# DEALIN WITh DUCKS



## Mike1950 (Sep 11, 2012)

Dealing with ducks is a very difficult thing. You never quite know if one quack is yes or no- 2 quacks well?? the same. Super quacker is who I am talking about. I was talking to him about a piece of wood -it and some others showed up on my porch and he would not even let me pay shipping. I plan to get even though- I am a patient man- I will dry it and send it back in slightly altered form or who knows I am also kinda sneaky I will get even. Thanks Super duck.................


----------



## Kevin (Sep 11, 2012)

Dealin with ducks must be like dealing with nuts . . . . wall-nuts. Not long ago we opened a package from the forum's resident wall-nut to find a gorgeous handcrafted box inside. Beside that the duck got us too. 

Paybacks are hell . . . .


----------



## Mike1950 (Sep 11, 2012)

Kevin said:


> Dealin with ducks must be like dealing with nuts . . . . wall-nuts.
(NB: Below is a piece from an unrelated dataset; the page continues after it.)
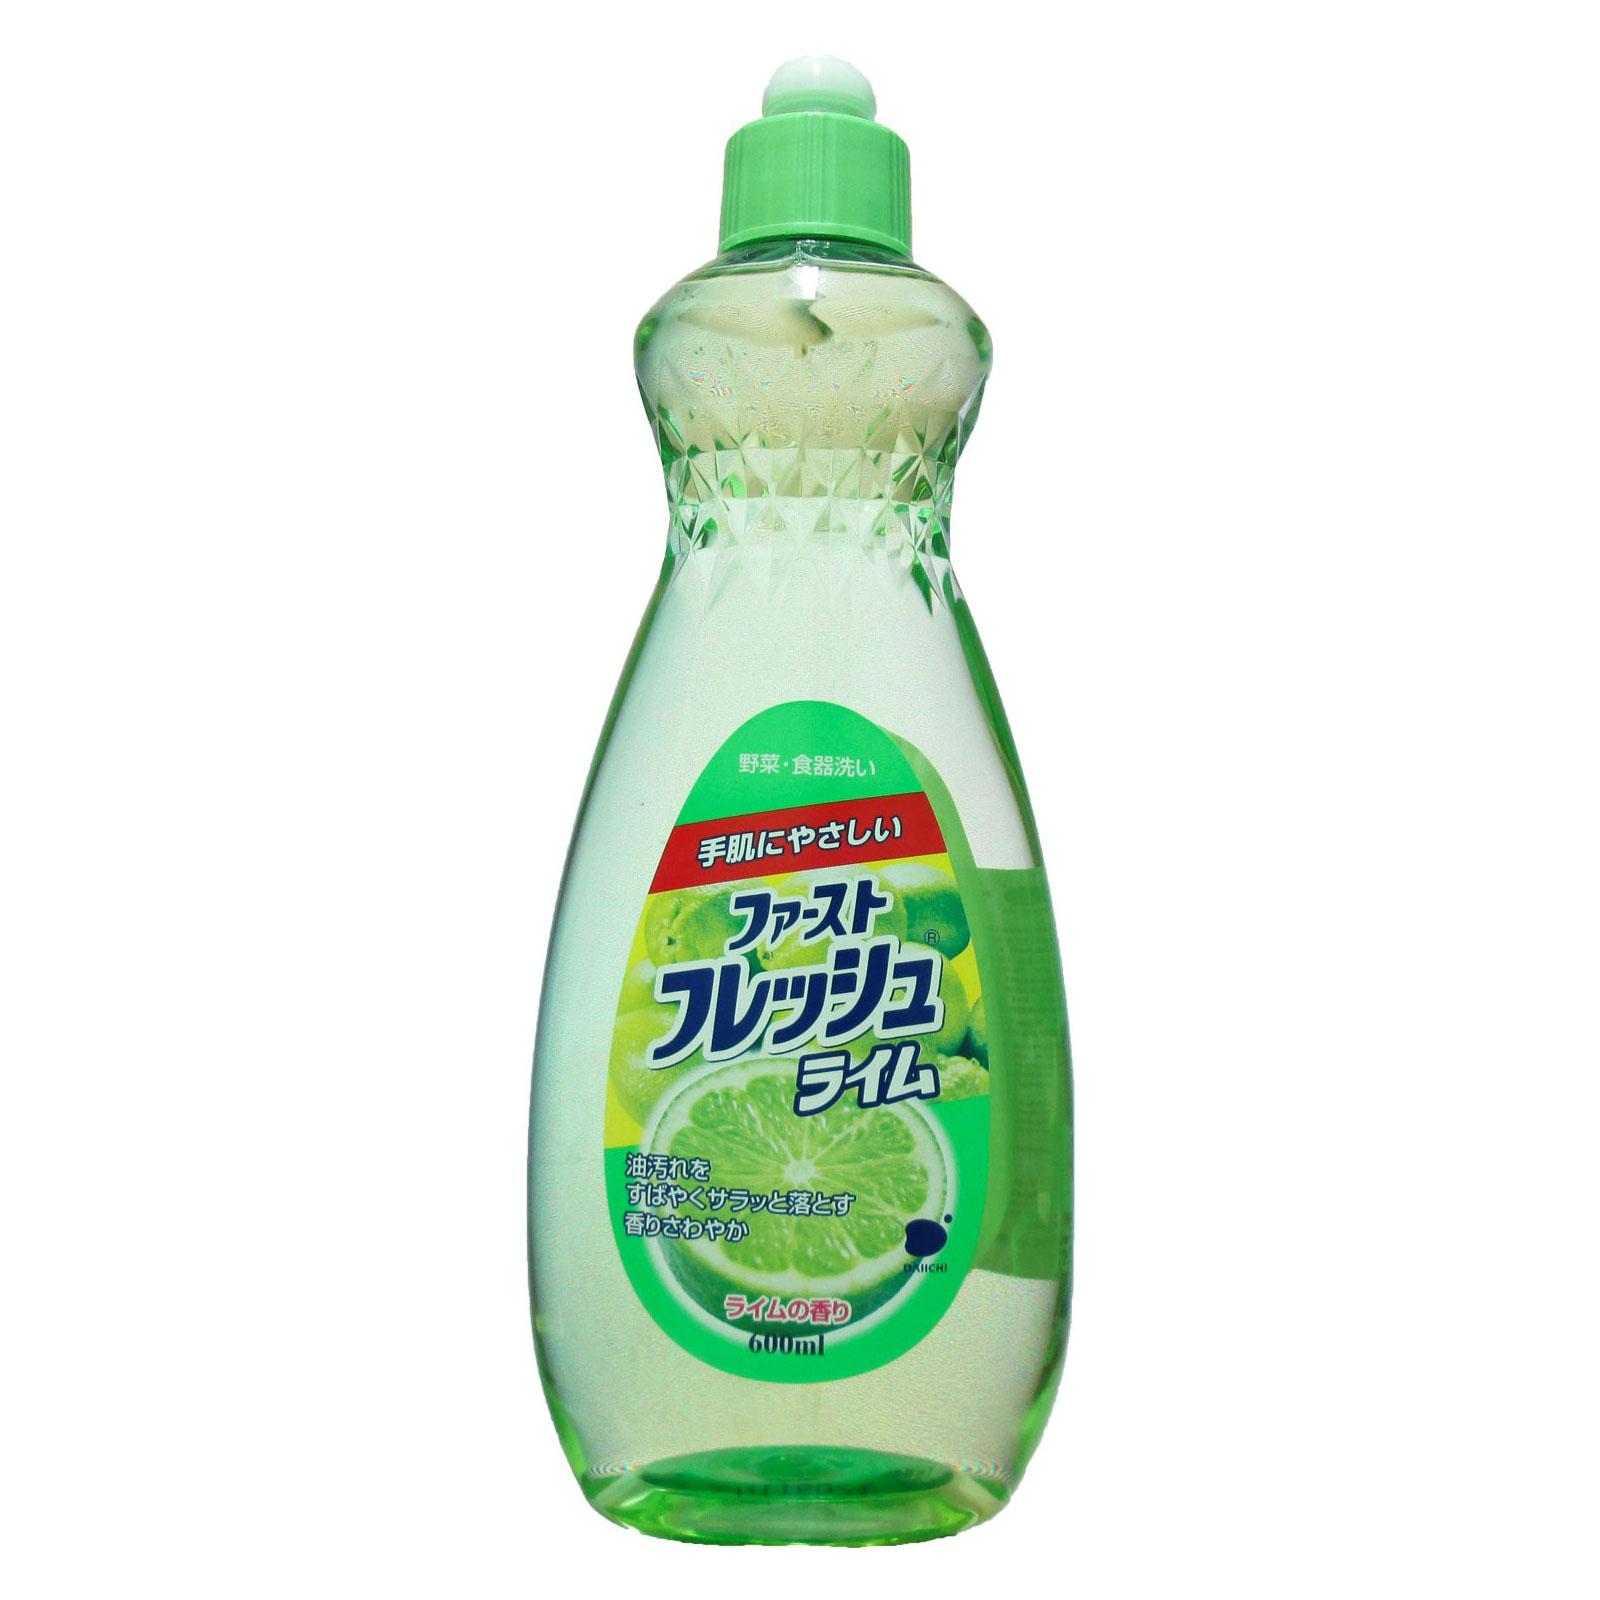 Жидкое средство Daiichi Даичи для мытья посуды 600 мл Лайм<br>

Not long ago we opened a package from the forum's resident wall-nut to find a gorgeous handcrafted box inside. Beside that the duck got us too.
> 
> Paybacks are hell . . . .



:morning2: I think that must of been a mistaken Identity!!! Paybacks- hold it I have already received some packages- You know why I like this group- we are all uniformly crazy.:wacko1::wacko1::wacko1::wacko1::wacko1::wacko1::wacko1:


----------



## davduckman2010 (Sep 11, 2012)

Mike1950 said:


> Dealing with ducks is a very difficult thing. You never quite know if one quack is yes or no- 2 quacks well?? the same. Super quacker is who I am talking about. I was talking to him about a piece of wood -it and some others showed up on my porch and he would not even let me pay shipping. I plan to get even though- I am a patient man- I will dry it and send it back in slightly altered form or who knows I am also kinda sneaky I will get even. Thanks Super duck.................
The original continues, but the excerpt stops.